# Nirvana seeds



## newgrowth (Jun 6, 2007)

I just placed an order for Skunk special and white widow, est time of delivery is 10 to 15 working days, I'll post a update when I recieve them and leave a review of how it goes. Fingers crossed...


----------



## BSki8950 (Jun 6, 2007)

i am very confident in nirvanas seeds you will get them


----------



## g-13 (Jun 6, 2007)

thats where i get mine they are really quick


----------



## newgrowth (Jun 6, 2007)

I'm encouraged to hear good things about them, I did read alot of reviews and post's before I ordered and it seemed like a good one to try, I like the pricing too. One thing I don't get about the seed bank reviews and it seems like it happens alot, there will be like 20 or 30 great reviews and then 1 that will say they never got seeds, never recieved emails back, its a scam don't buy from them.ect ect.Sounds like someone with a agenda.Any way I got email confirmation that my order was being processed, so that was cool, I'm looking forward to growing some nice bud.


----------



## Mr.Wakenbake (Jun 6, 2007)

Nirvana is pretty good on their word. I ordered straight from them when i got my WW seeds. Okay smoke for the $ you spend on it..way better than bagseed.

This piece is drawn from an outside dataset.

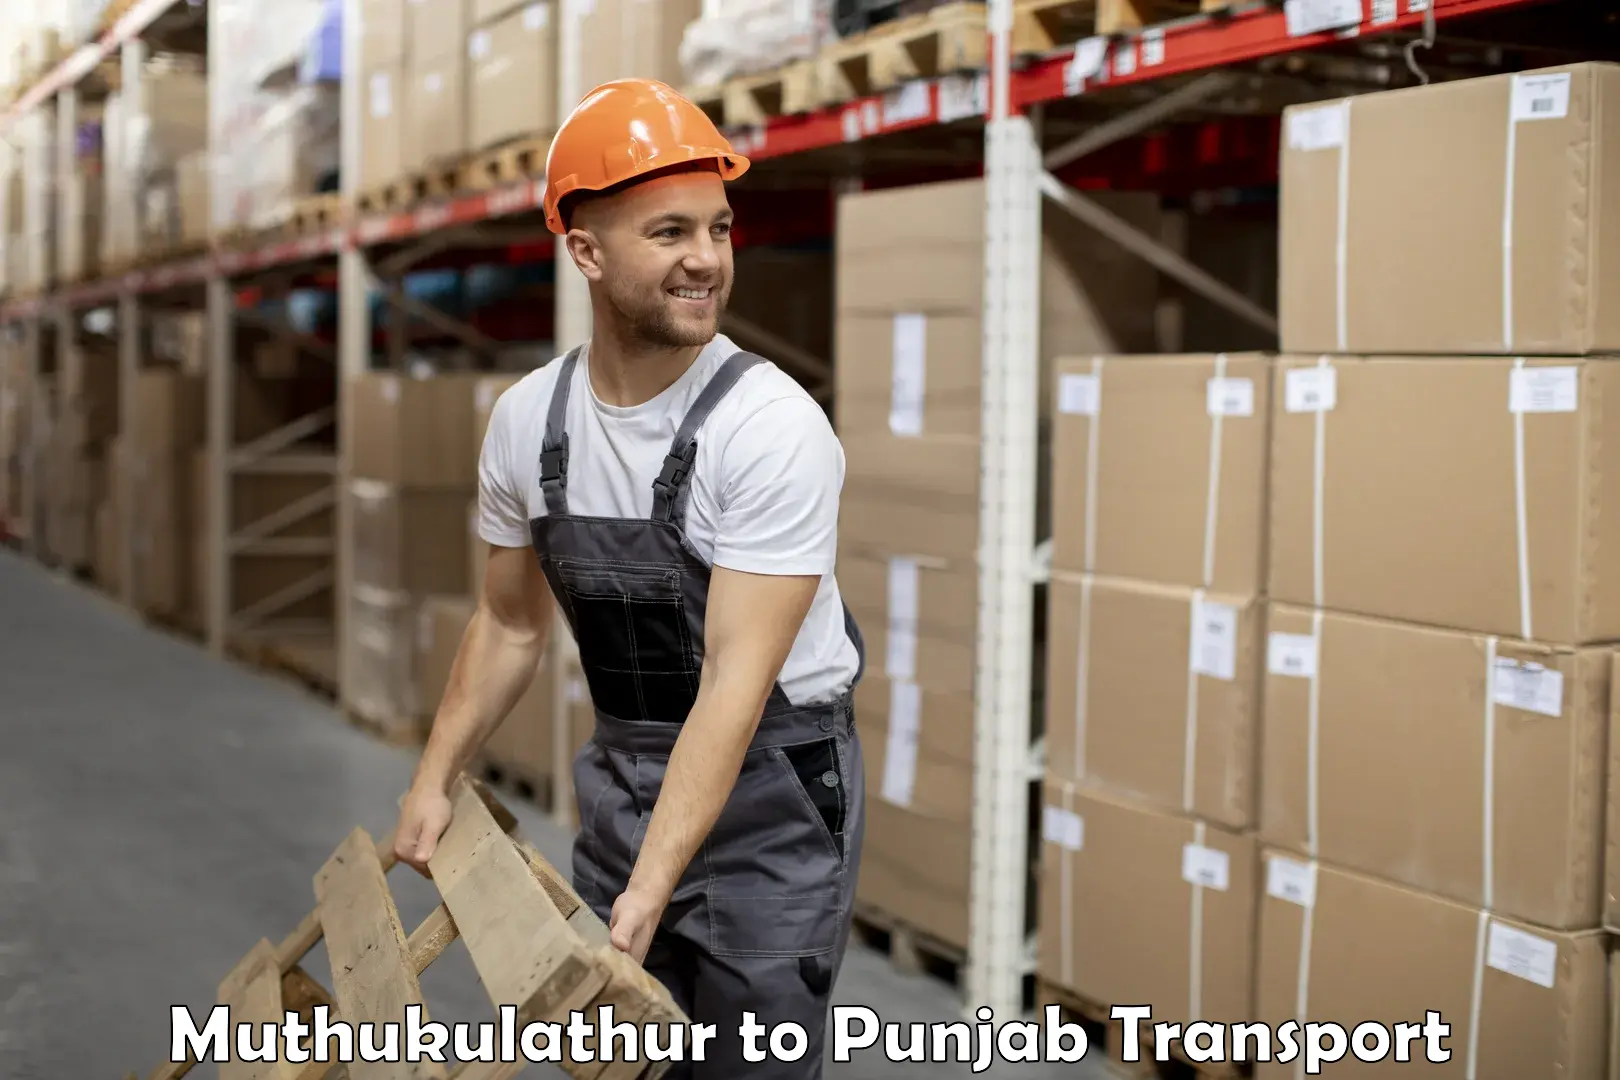 Truck transport companies in India in Muthukulathur to Punjab

Good germ rate on them but bad male to female ratio.. i got 2 fems out of 10 plants.Anyways good luck and they will arrive stealthy.


----------



## ericsdaweedman (Jun 7, 2007)

Iv'e ordered well my brother has ordered there a good 4-5 times and everything went smooth and fast he says he reccomends this to everyone.


----------



## newgrowth (Jun 16, 2007)

Recieved my seeds from Nirvana. Not bad 10 days . I'd recommend them at this point, Details on how the seeds perform later.


----------